## Data shown

○ ○ ○ ○ ○

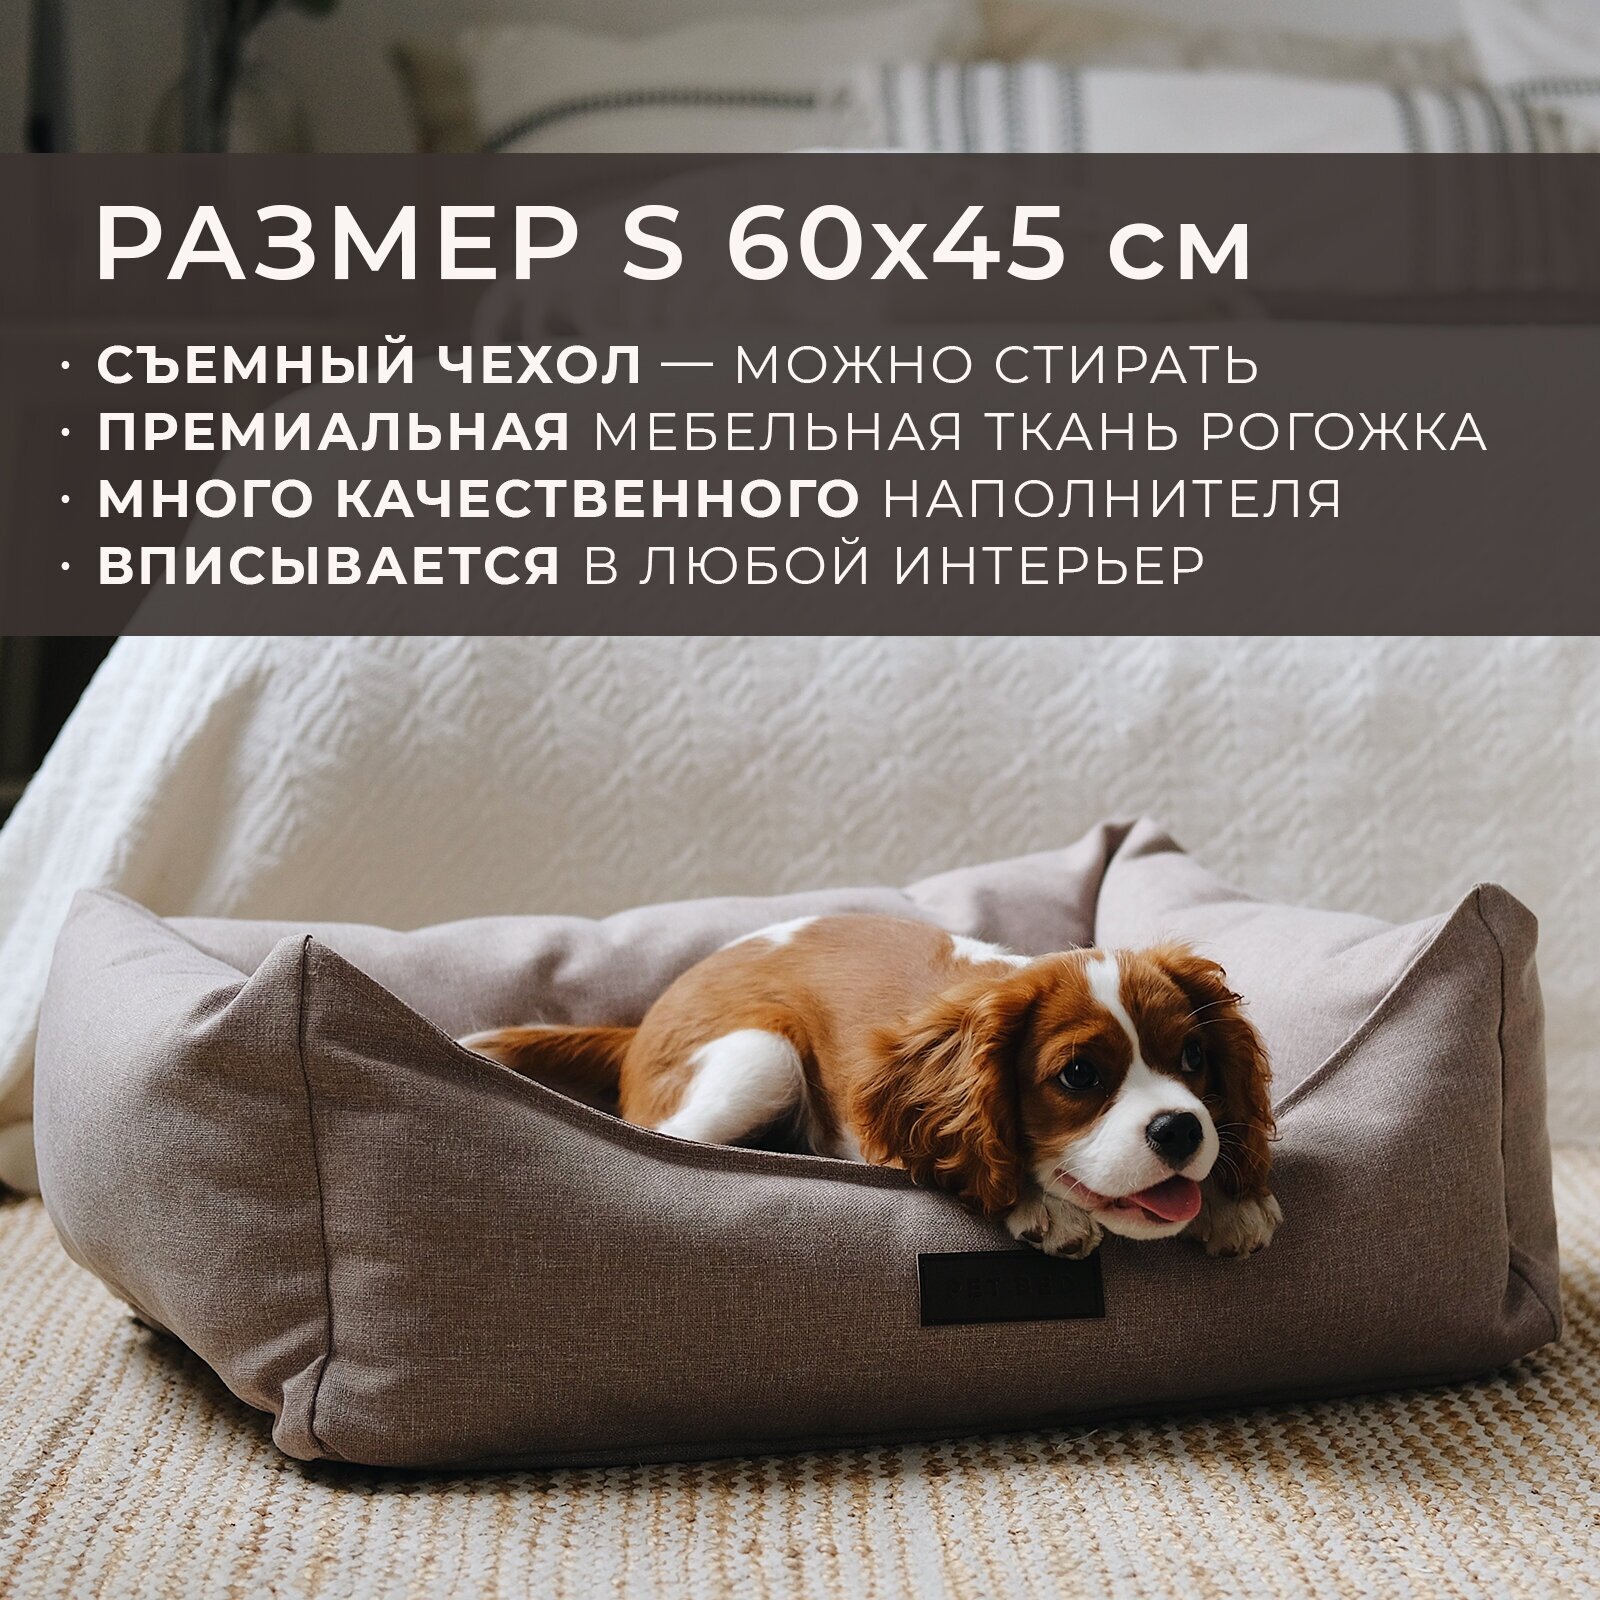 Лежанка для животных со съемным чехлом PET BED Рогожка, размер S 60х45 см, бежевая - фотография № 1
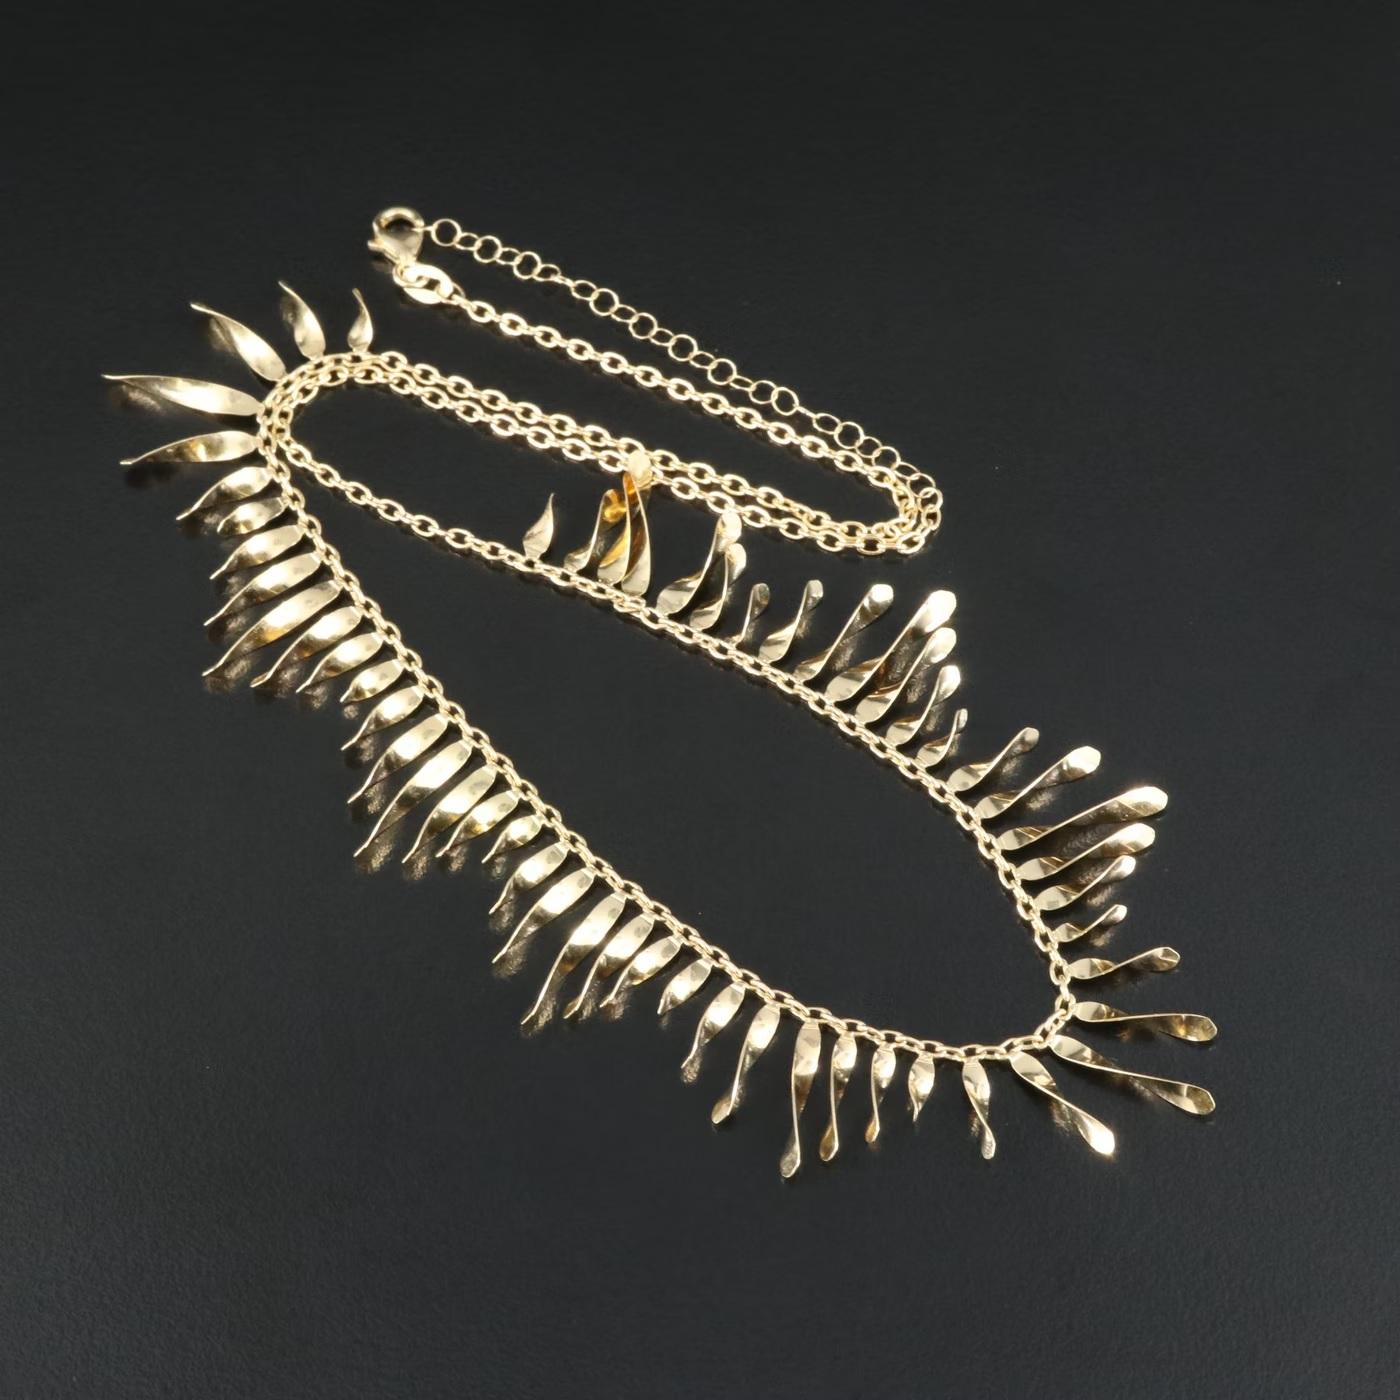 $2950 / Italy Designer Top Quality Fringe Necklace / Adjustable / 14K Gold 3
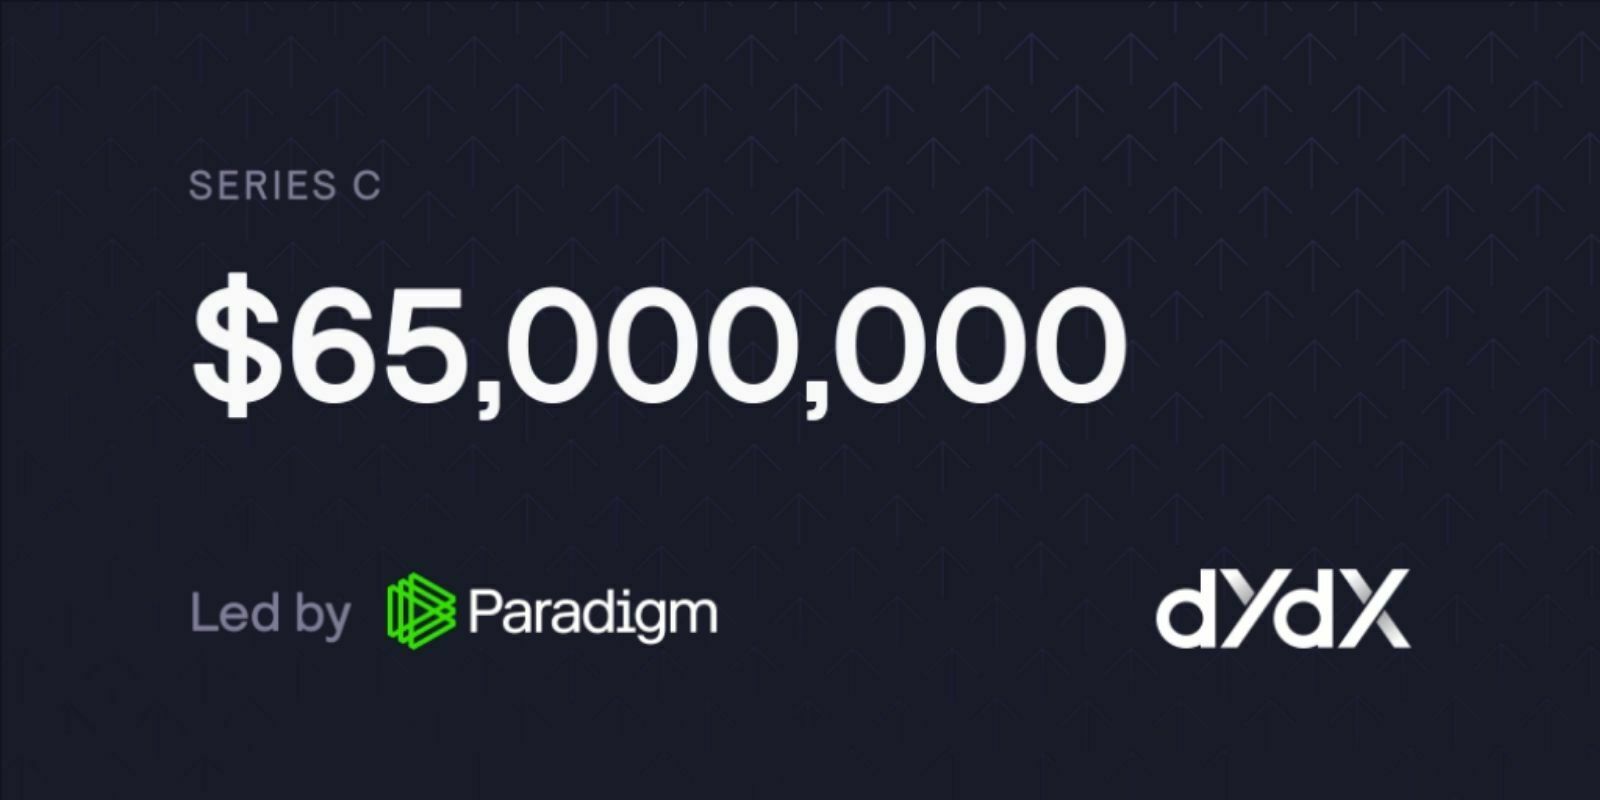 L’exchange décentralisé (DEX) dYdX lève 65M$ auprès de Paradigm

○ ○ ○ ○ ○

## Task to carry out
Output the material above verbatim but exclude each picture.

## Output of the exercise
 Лежанка для животных со съемным чехлом PET BED Рогожка, размер S 60х45 см, бежевая - фотография № 1
 $2950 / Italy Designer Top Quality Fringe Necklace / Adjustable / 14K Gold 3
 L’exchange décentralisé (DEX) dYdX lève 65M$ auprès de Paradigm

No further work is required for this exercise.